Intro (Nereid comes late to the party)
kitchen sink fishing nets (KG's ideas briefly expounded)
my confusion (request for explanation through examples)
KG's clarification#1 (complete and completed simulations; simulations in the observation process vs the guts of simulations to explain observations)
me groping towards understanding, request for a specific example (clarification re simulation in observation)
part2, my playback for confirmation (and some tidying up)
KG's specific example (M-L relationship in stars; also some tidying up).

So, second playback, to see if I've got it better ...

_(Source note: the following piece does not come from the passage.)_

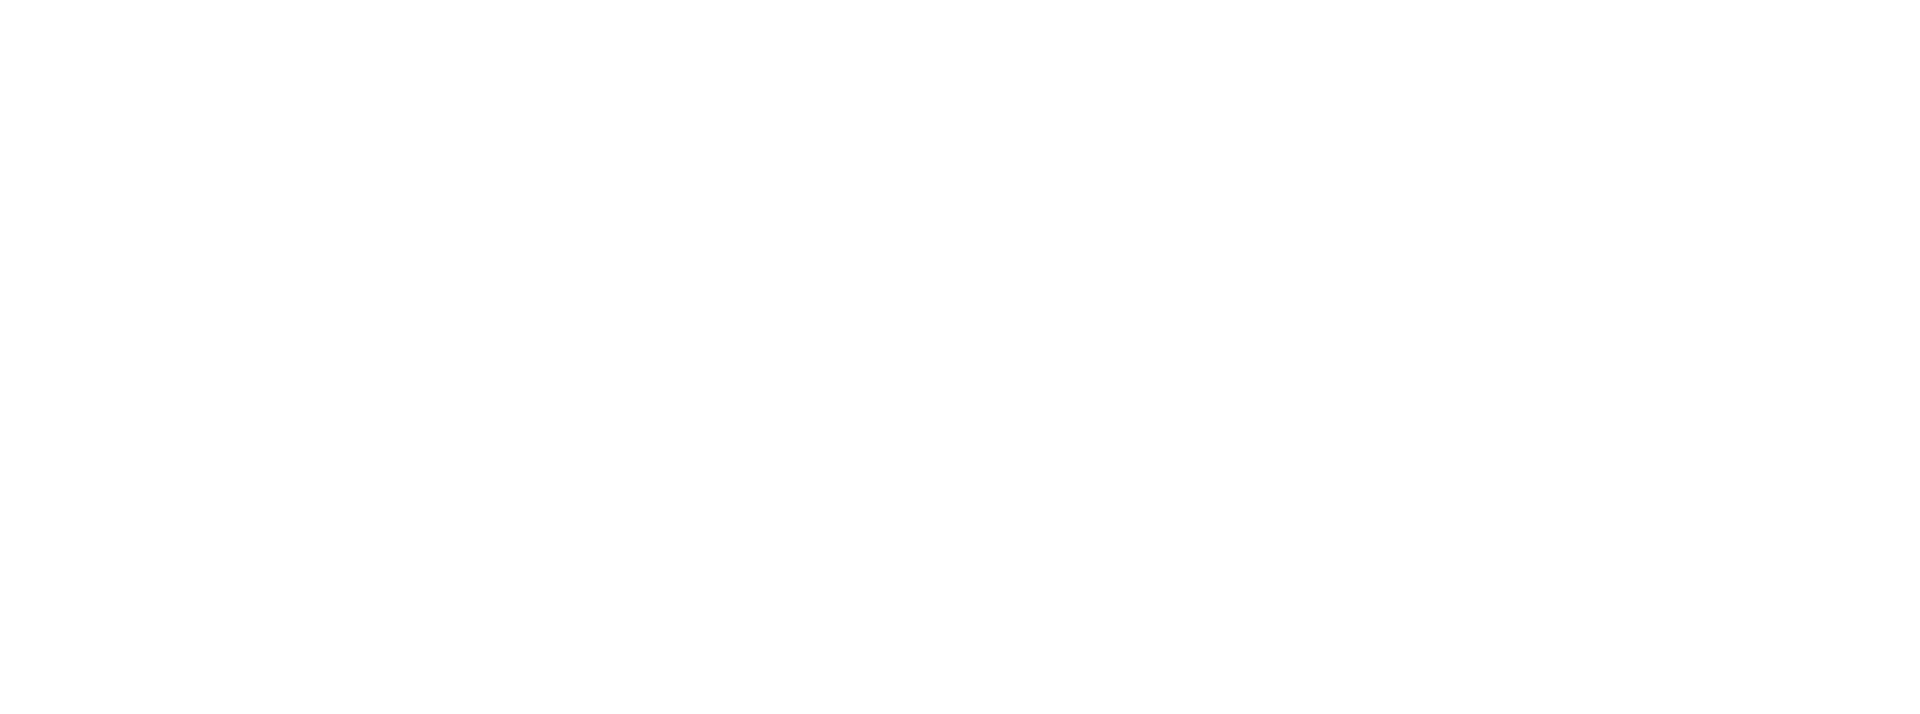 DeHavilland healthcare recruitment logo dark theme

* the intricacies etc of what observers do are not part of what makes KG go home unsatisfied from various (AAS?) meetings

* neither is stuff where the physics is not really known, or not really understood; for example much (most?) of cosmology, work on CDM, AGNs (SMBH, accretion disks, jets, etc).

But now I'm stuck, again.
Quote:
Originally Posted by Ken G (on my SMBH example)
Quote:
Originally Posted by Nereid
Perhaps simulations of the SgrA* SMBH and its accretion disk? or of SMBH accretion disks in general?
Yes, that's more what I have in mind.
Quote:
If so, then I doubt anyone would say that the simulations are complete, or completed ... the results serve mainly to show how little is actually understood and as pointers to which of the myriad things not yet considered needs to be worked on next.
But the problem is the "completeness" of the simulation invariable rests on whether or not it agrees with the observations, rather than on how much we have learned from it. This is my point. I have seen many examples of the types of simulations that say, in effect, "here's what we got that agrees with observations, and here's the part that shows some discrepancies. We're working of finding modifications to the physics that will bring the discrepancies into line as well." As if the work was needed in the area of the discrepancies! I would instead say the more immediate need for work is in the area of the agreement-- for there we actually have the potential to make theoretical progress in understanding what we are looking at.

But this is not what you usually find, generally the observers and theorists seem to simply crave some level of reassurance that theory can recover the observations, and simply substitute the cartoons when anyone asks them why. Then they move on to the next problem! I see a huge hole there, around the question, "what is really going on there, and how can we understand it in a better-than-cartoon way without simply referring to the full simulation?" To me, stopping short of that is like saying, "I don't know but my computer does, so that's good enough".
I'm sure that some of this can be applied to the combined work being done on SMBH+accretion disks+jets+feeding mechanisms+..., but I feel your description simply does not fit most work here.

Is this an area you are sufficiently familiar with that you could comment on it? If so, how do you think it differs (if at all) from the M-L relationship in stars example you gave?

(you guessed right: I couldn't relate closely enough to your stellar models example to make much more than superficial comments).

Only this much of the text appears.